COVID-19: women should be at the heart of responding to crises

Women should be fully involved at the heart of crisis response planning and decision-making, participants agreed at a PACE webinar on the gender dimension of foreign policy in the response to COVID-19, bringing together parliamentarians with current and former diplomats as well as academics.

Opening the webinar, organised by the Assembly’s Equality Committee, the rapporteur on the topic Petra Stienen (Netherlands, ALDE) said management of the first wave of the COVID-19 crisis had “had a male face” and spoke of the devastating effects of what she described as “machismo politics” in the early stages of the pandemic. “We need to see leaders who show direction, give meaning to their direction, but also who show empathy,” she said, citing remarkable examples of inclusive leadership by women leaders such as Jacinda Ardern and Angela Merkel.

The crisis had been “a magnifying glass” for existing inequalities in our societies, she pointed out, urging better protection from gender-based violence for women and girls, and public debates on the gender dimension of the pandemic.

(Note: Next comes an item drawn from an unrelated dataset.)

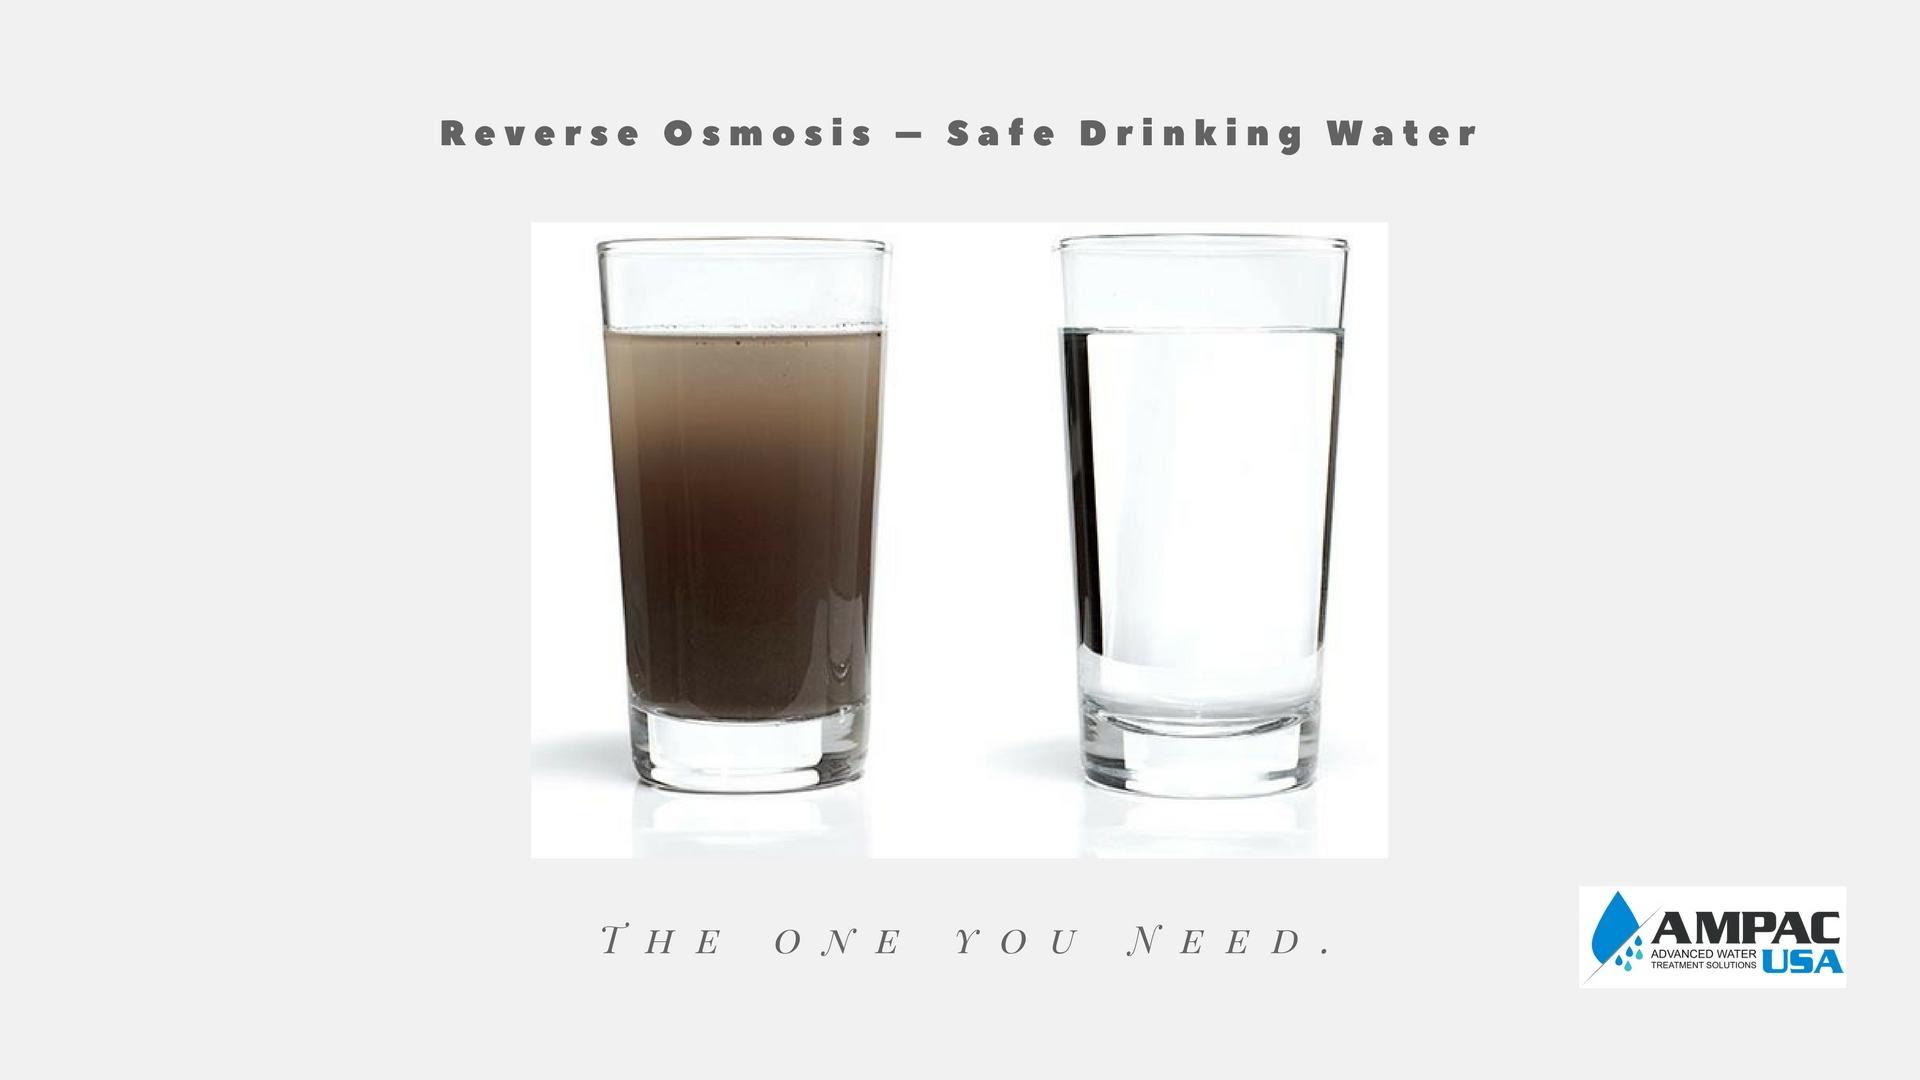 Reverse Osmosis – Safe Drinking Water Ampac USA
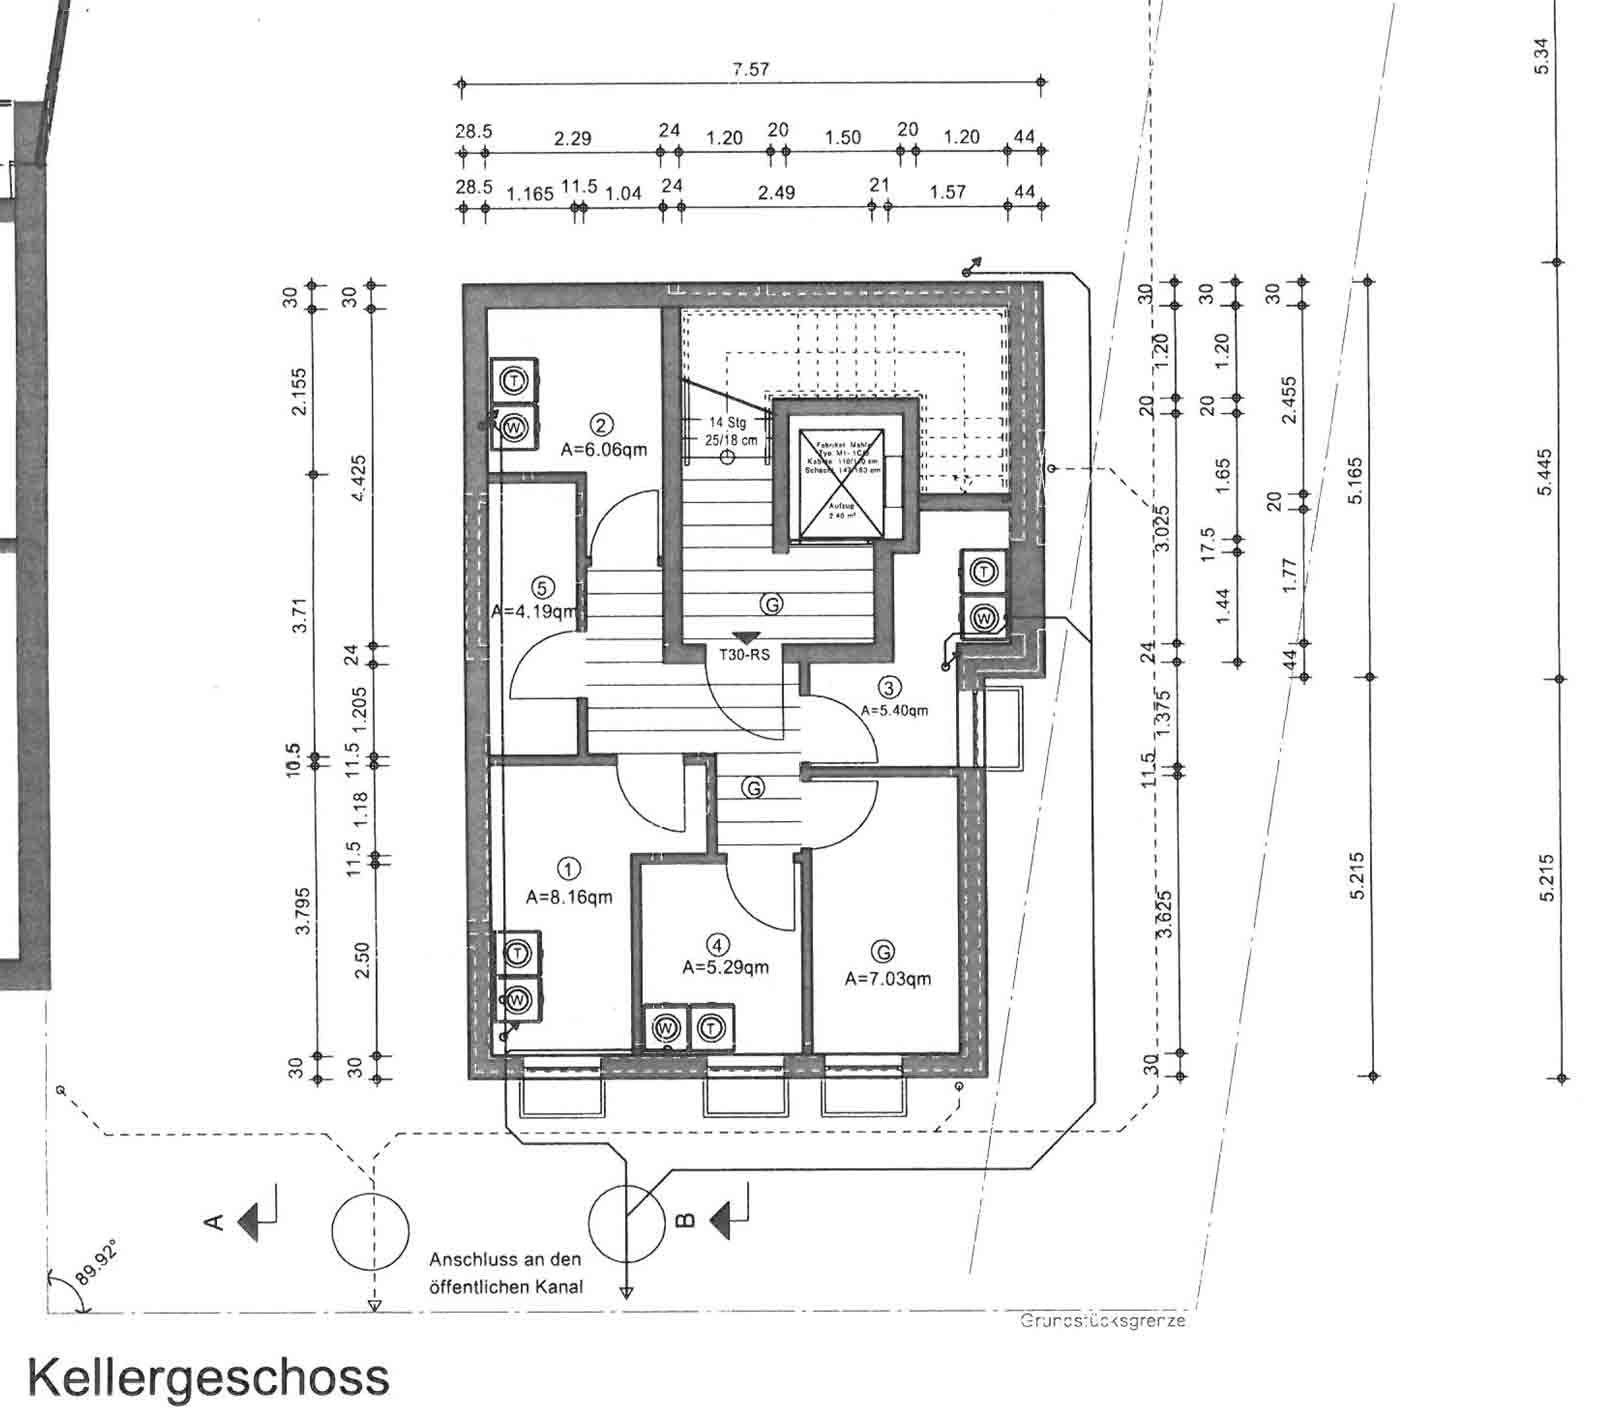 treppenhaus mit aufzug grundriss wohn design. Black Bedroom Furniture Sets. Home Design Ideas

Bert Koenders, Professor of Peace, Justice and Security at Leiden University, said there had been “some progress” in women’s representation in the field of foreign and security policy in recent years, but added: “It is about more than women in senior positions, it is also about changing the content of policy – so-called ‘women’s issues’ are often the cornerstones of foreign and security policy, and both men and women have big roles to play.”

Ann Bernes, Swedish Ambassador for Gender Equality and Coordinator of Feminist Foreign Policy, outlined how her country had been the first to establish a feminist foreign policy. “This is beginning to become the new normal – that’s what we were aiming for.” This was no longer seen as ‘a women’s issue’ but was regarded as a question of sustainable security, and other countries were beginning to follow Sweden’s example. The key challenge, she added, was “how to reach out and convince those who do not agree”.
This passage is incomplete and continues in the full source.